Harvard Business School Strategy Unit Working Paper on The Value of Open Source Software by Manuel Hoffmann, Frank Nagle, Yanuo Zhou
The key highlights from the paper are
We estimate the supply-side value of widely-used OSS is $4.15 billion,but that the demand-side value is much larger at $8.8 trillion
…
Further, 96% of the demand-side value is created by only 5% of OSS developers
Why studying the value of FOSS is important
The parallels between shared grazing lands and shared digital infrastructure are palpable –the availability of communal grass to feed cattle, and in turn feed people, was critical to the agrarian economy, and the ability to not have to recreate code that someone else has already written is critical to the modern economy
Ammunition for FOSS advocates
Other recent studies have come to similar conclusions showing that open source software (OSS) appears in 96% of codebases (Synopsys 2023), and that some commercial software consists of up to 99.9% freely available OSS (Musseau et al., 2022)
With data from the United States the resulting estimates show a value of $2 billion for the OSS Apache Web Server in 2012 (Greenstein and Nagle, 2014) and a combined value of $4.5 billion for Apache and the increasingly popular OSS web server nginx in 2018 (Murciano-Goroff, et al., 2021)
We find a value ranging from $1.22 billion to $6.22 billion if we were to decide as a society to recreate all widely used OSS on the supply side. However, considering the actual usage of OSS leads to a demand-side value that is orders of magnitude larger and ranges from $2.59 trillion to $13.18 trillion, if each firm who used an OSS package had to recreate it from scratch(e.g., the concept of OSS did not exist). … However, as for any project, the evidence is not complete and we argue that we underestimate the value since our data, e.g.,does not include operating systems, which are a substantial omitted category of OSS
Not so great assumptions
Here, we do not incorporate consumption externalities, i.e., we do not allow a benefit to arise for the general public when a package has been created and we further make sure that each firm is only replacing a package they use once, since a replaced package can be used within a firm as a club good (e.g., see Cornes and Sandler, 1996).
For large firms, there will be overhead coordination costs associated with building and maintaining a club good (an internal package). This potentially means that the demand-side 8.8 trillion $ number is a lower-bound.

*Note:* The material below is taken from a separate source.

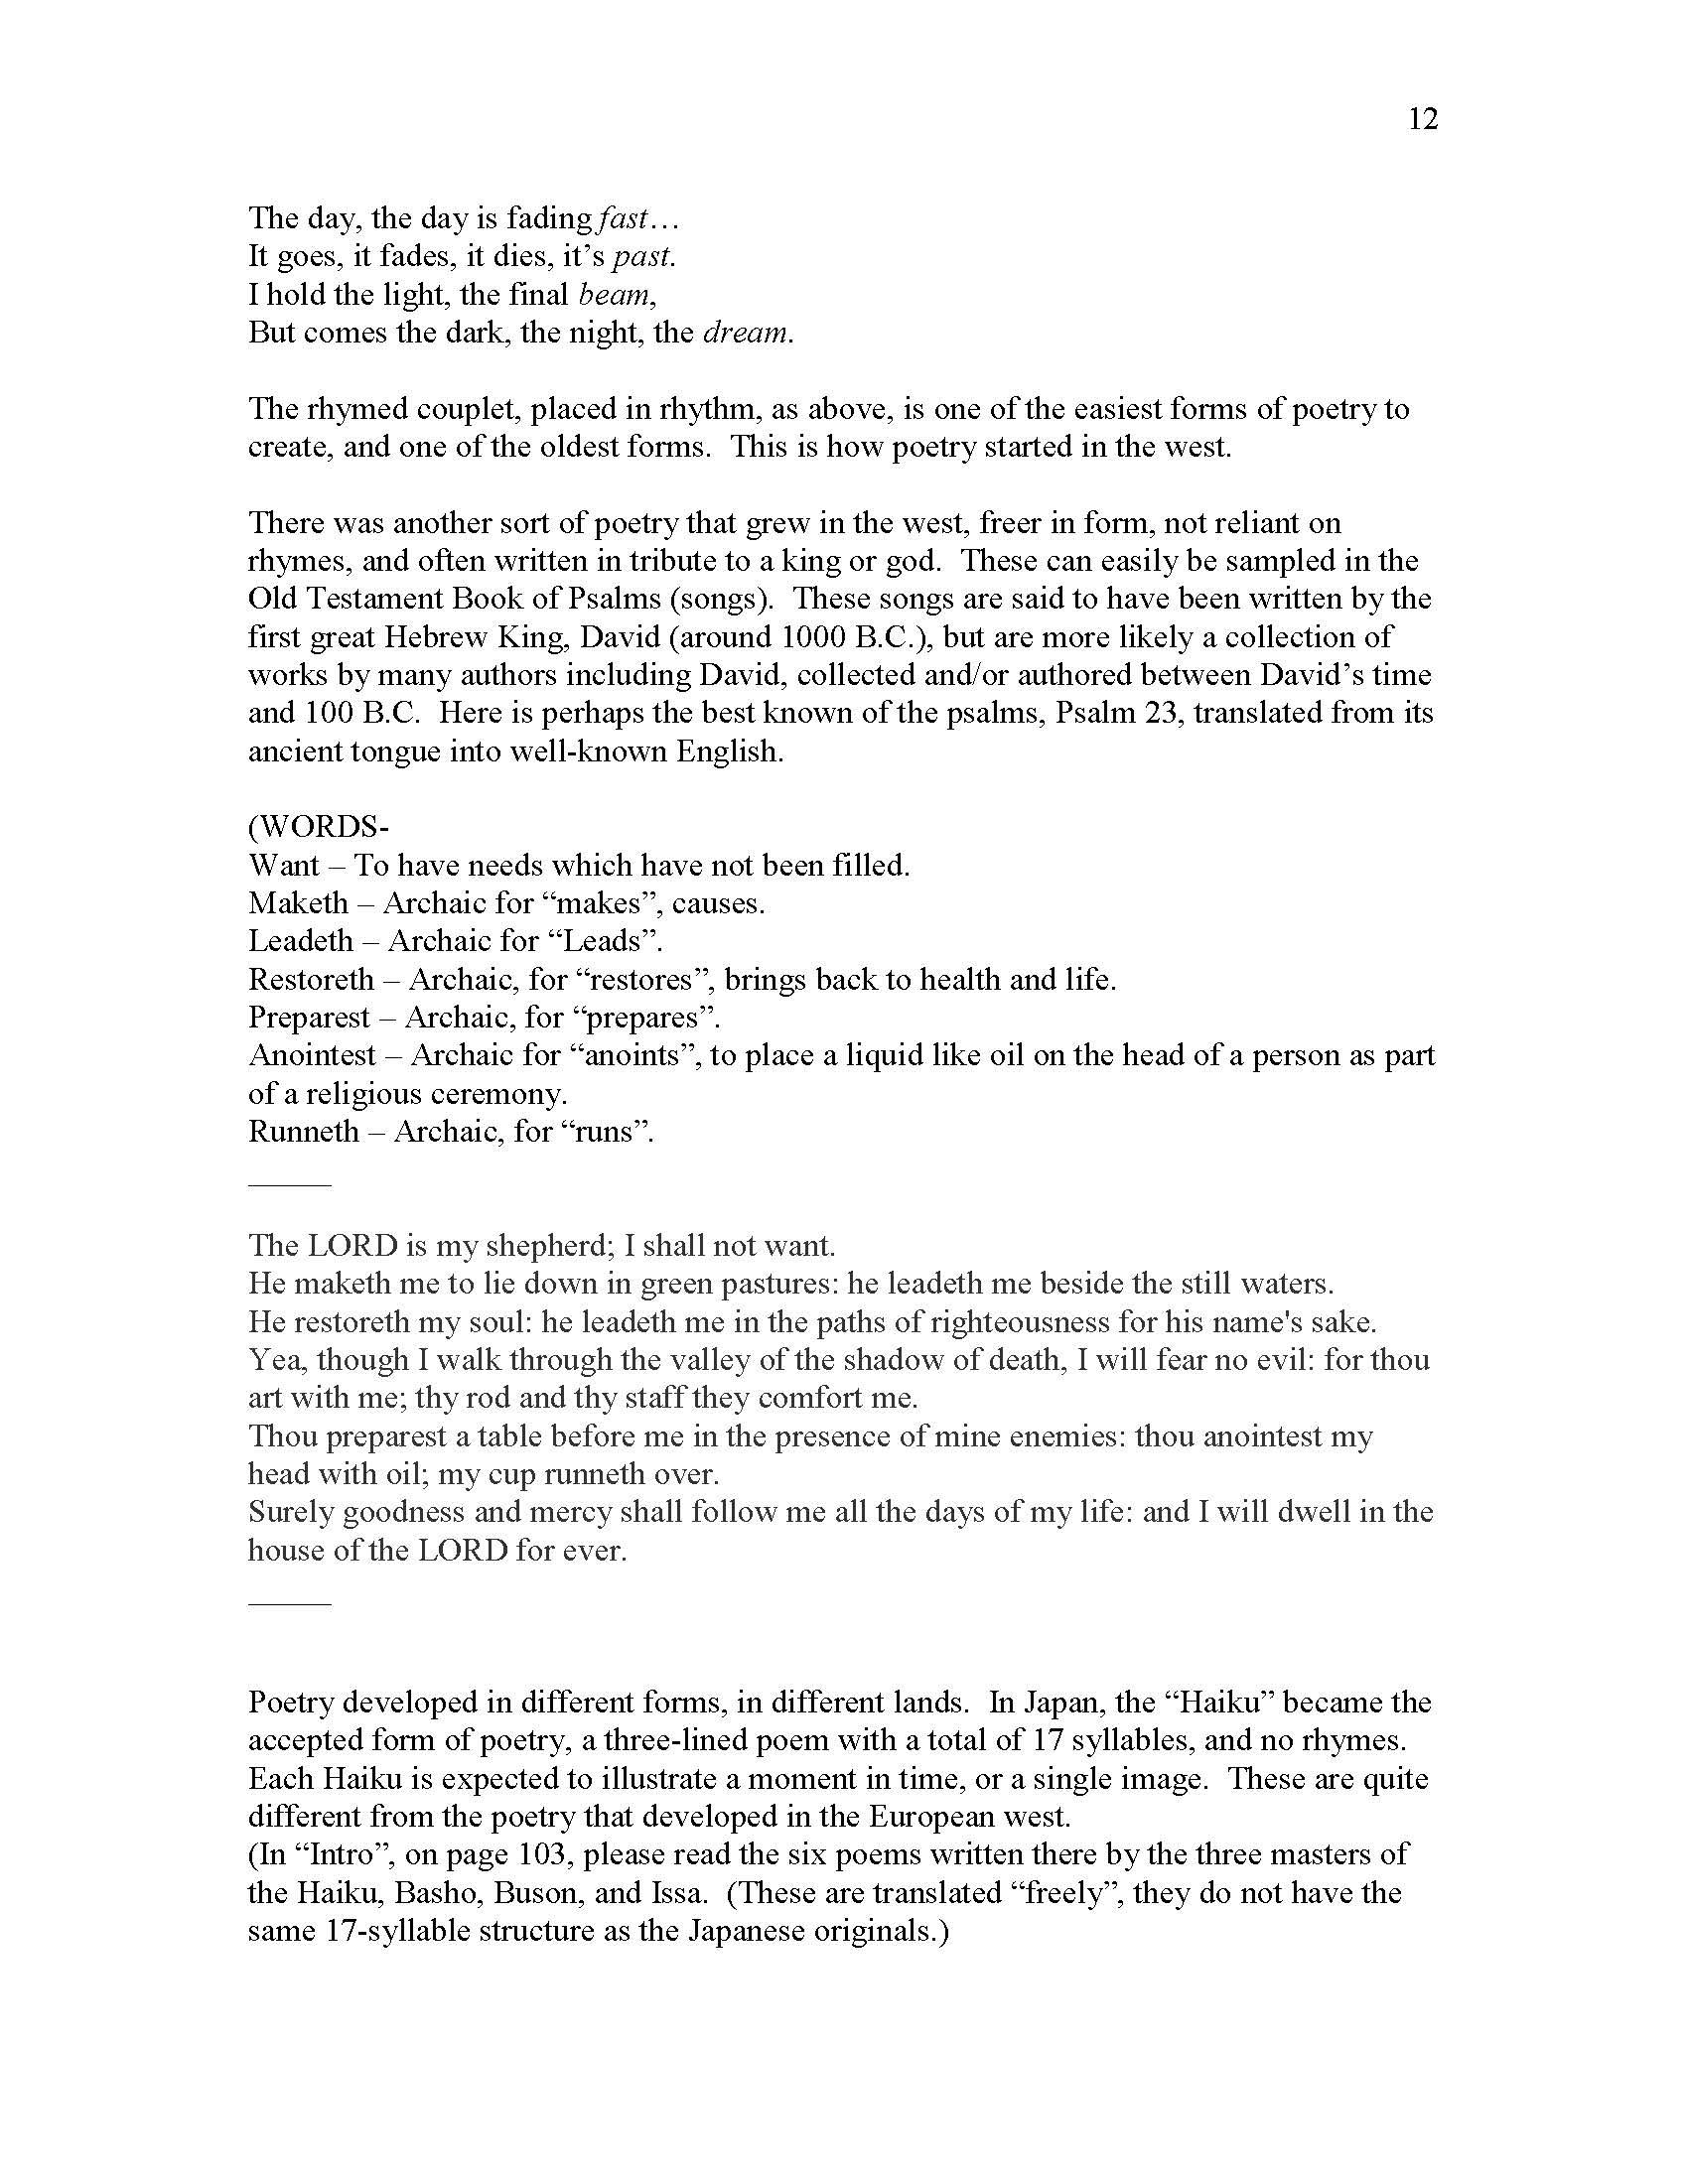 Step 4+ Master's Creative Writing Poetry & Lyrics_Page_013.jpg

In this calculation, we implicitly do not incorporate any production externalities since we assume that there is no spillover knowledge from one package to the next that would lower the cost of programming.
This too we know to be false. Packaging and project management add considerable overhead for a software project. Spillover knowledge definitely reduces the cost of programming as the developer becomes comfortable with those aspects of a project over time. This potentially means that the supply-side 4.15 billion $ is an upper-bound.
At the repository level, we quantified each developer’s proportional work contribution by calculating their share of commits to the total number of commits for a repository
Commits aren’t the best indicator of a developer’s work contribution to a FOSS project e.g. what if the project uses squash merge to merge a large feature branch that contained 10s or 100s of commits. Lines of code aren’t a great indicator either e.g. complicated bugs that require 10s of hours of debugging might be fixed by a change in a single line of code. There are no clean/easy indicators to quantify the work contribution of a developer so such assumptions are inevitable.
Unexpected (to me) findings
We find that OSS packages created in Go have the highest value with $803millionin value that would have to be created from scratch if the OSS packages did not exist. Go is closely followed by JavaScript and Java with$758 million and$658 million, respectively. The value of C and Typescript is $406 million and $317 million, respectively,while Python has the lowest value of the top languages with around $55 million
Potential growth areas for FOSS
The industry with the highest usage value of around $43 billion is “Professional, Scientific, and Technical Services.”“Retail Trade” as well as “Administrative and Support and Waste Management and Remediation Services” make up another large part of the demand-side externally facing value of OSS with $36billion and $35billion, respectively. In contrast, industries that constitute just a small portion of the value are “Mining, Quarrying, and Oil and Gas Extraction”, “Utilities”, “Agriculture, Forestry, Fishing, and Hunting.” The latter industries are classical non-service sector industries and as such software is expected to play less of a role there.
I’ve been singing this song for a while but now I have the evidence to back it up - we should be advocating for people to apply computing to their domains instead of expecting them to abandon their domains to become generic software developers.
Giants in the FOSS ecosystem
Indeed, the last five percent of programmers, or 3,000 programmers, generate over 93% of the supply side value. Similarly, Panel B shows –when accounting for usage–that those last five percent generate over 96% of the demand side value.